With both customers drawing full bandwidth, the ftp server is putting out 10 megs, and nothing
is queuing in the router because eth0/eth1 at 100 megs each can handle it easily but customer one is getting 1 meg and customer 2 is getting 9.

So one creates a .90x10 or 9 meg max pipe on eth1 facing the customers which will begin queuing
packets before bandwidth usage gets to 10 megs. Then we apply a esfq algorithm, hashed by customer IP, that gives each customer
50 percent of the bandwidth regardless of how many connections they open up. esfq means extended stochastic fair queuing.

This scheme only works when the pipe is full, but is meaningless anyway if the pipe is not full as
everyone is getting what they are going to get anyhow limited by other factors outside of the control of the router.

Do I have this all right?

Or say the router's customer port eth1 is a 10 meg port, and the ftp server can deliver 20 megs.
Now with both customers drawing, the 10 meg pipe is full, again one needs to define a queue at 9 megs on eth1 to make sure the queuing software grabs the packets and not the eth1 interface, and one applies the same esqf algorithm
to split the bandwidth fair share between the two customers.

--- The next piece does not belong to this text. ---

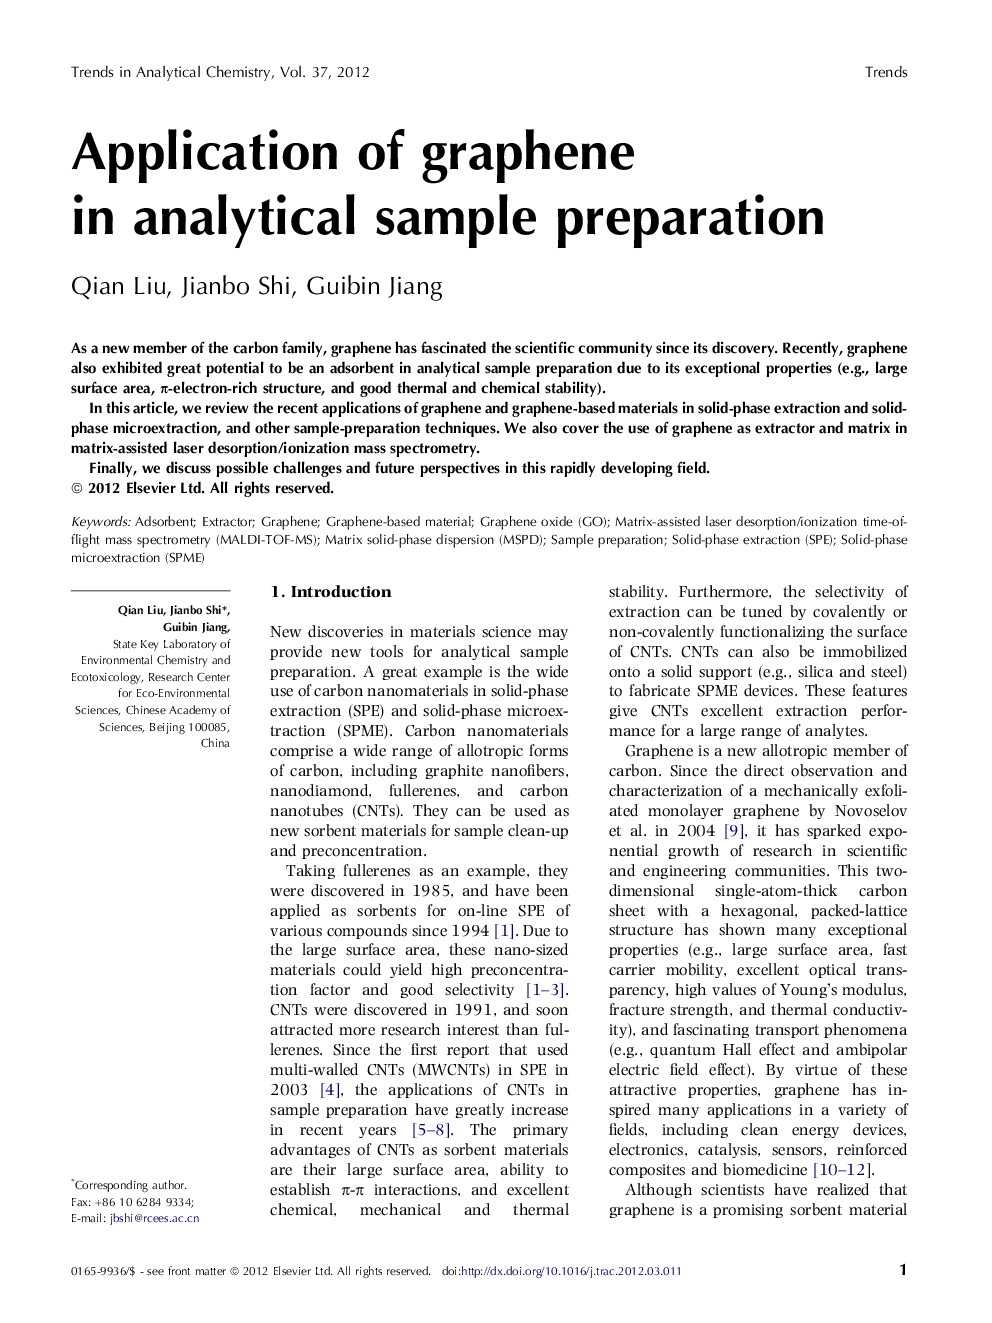 Application of graphene in analytical sample preparation

I am almost positive this last one is right.

Homer W. Smith
CEO Lightlink.

Re: QUEUES TO GUARANTEE BANDWIDTH

Posted: Fri Dec 18, 2015 5:50 pm
by Feklar
What you are basically doing with creating the parent queue is setting a hard limit of how much bandwidth is available to all sub queues under it. This is so that the router knows who to divide the bandwidth up between all the children queues.

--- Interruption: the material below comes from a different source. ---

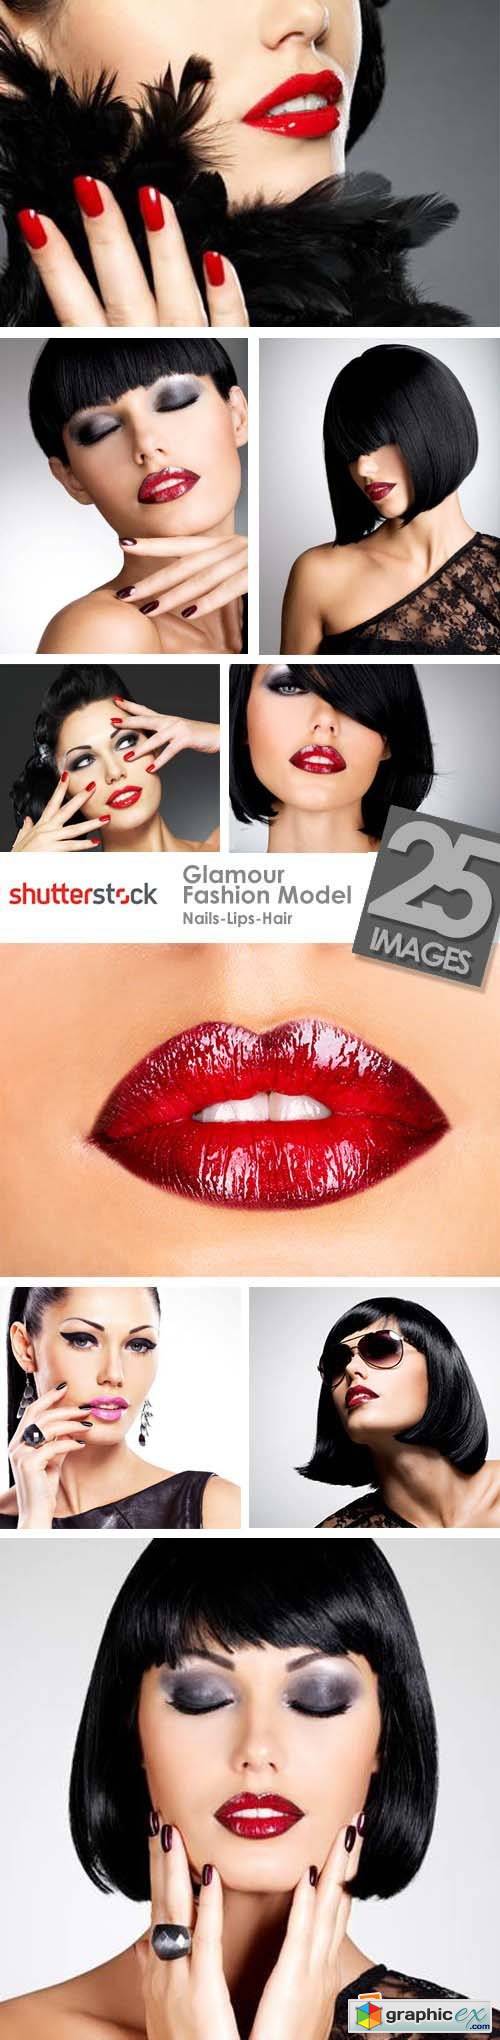 Glamour Fashion Model, Nails-Lips-Hair 25xJPG

With the leaf/sub queues, you once again assign a max-limit to each, this will define how much bandwidth is allowed through that specific queue under any circumstances. Then you define a limit-at for each sub queue, this will define how much bandwidth is guaranteed to each child of the parent. Everyone must be allowed their minimum bandwidth before the priority kicks in.

The priority setting defines who gets the left over bandwidth, if any, first out of the pool. Once the one with the higher priority gets what they want out of the left overs, the next person in line gets what is left over, and so on down the line.

This article on the Wiki is what started me down the path to understanding queue's in the MikroTik a lot better:
http://wiki.mikrotik.com/wiki/Manual:Connection_Rate

Re: QUEUES TO GUARANTEE BANDWIDTH

Posted: Fri Dec 18, 2015 6:16 pm
by ZeroByte
Thank you both for your time and efforts.

CIR means committed information rate.
Yep
limit-at=xxxx is the CIR.
max-limit = the 7Mbps hard speed limit, regardless of any additional bandwidth being available.

I believe I can create a queue that limits both customers to 7 megs max and that's
it regardless of what bandwidth is still unused, without having to 'grab' the queues by
limiting the envelope queue to 90 percent of 10 megs.

Which customer gets the full 7 megs max would depend on priority, the higher priority one would get it,
and the lower one would get what's left.

Is that right?

Is that all we are doing here? Or is there really a separate command to guarantee that one
won't get less than 7?
guaranteed minimum available to a user = CIR = limit-at.

When servicing queues, ROS will make sure that all queues have been given their minimum bandwidth first. It services higher priority (lower priority number) queues first among queues which are below the guaranteed minimum.

Once all queues are at or above minimum, then the priorities are the tie-breaker for the available bandwidth. Any queue at max-limit is not going to get any more service, even if at higher priority.

If you want to give one user a CIR but not others, then you could classify traffic to the "platinum" customer with packet marks, make the rest of the packets get "default" marks. Then have two simple queues where the basic queue is unlimited but low priority, and the priority queue is limited max and given a CIR. That should give the behavior you want.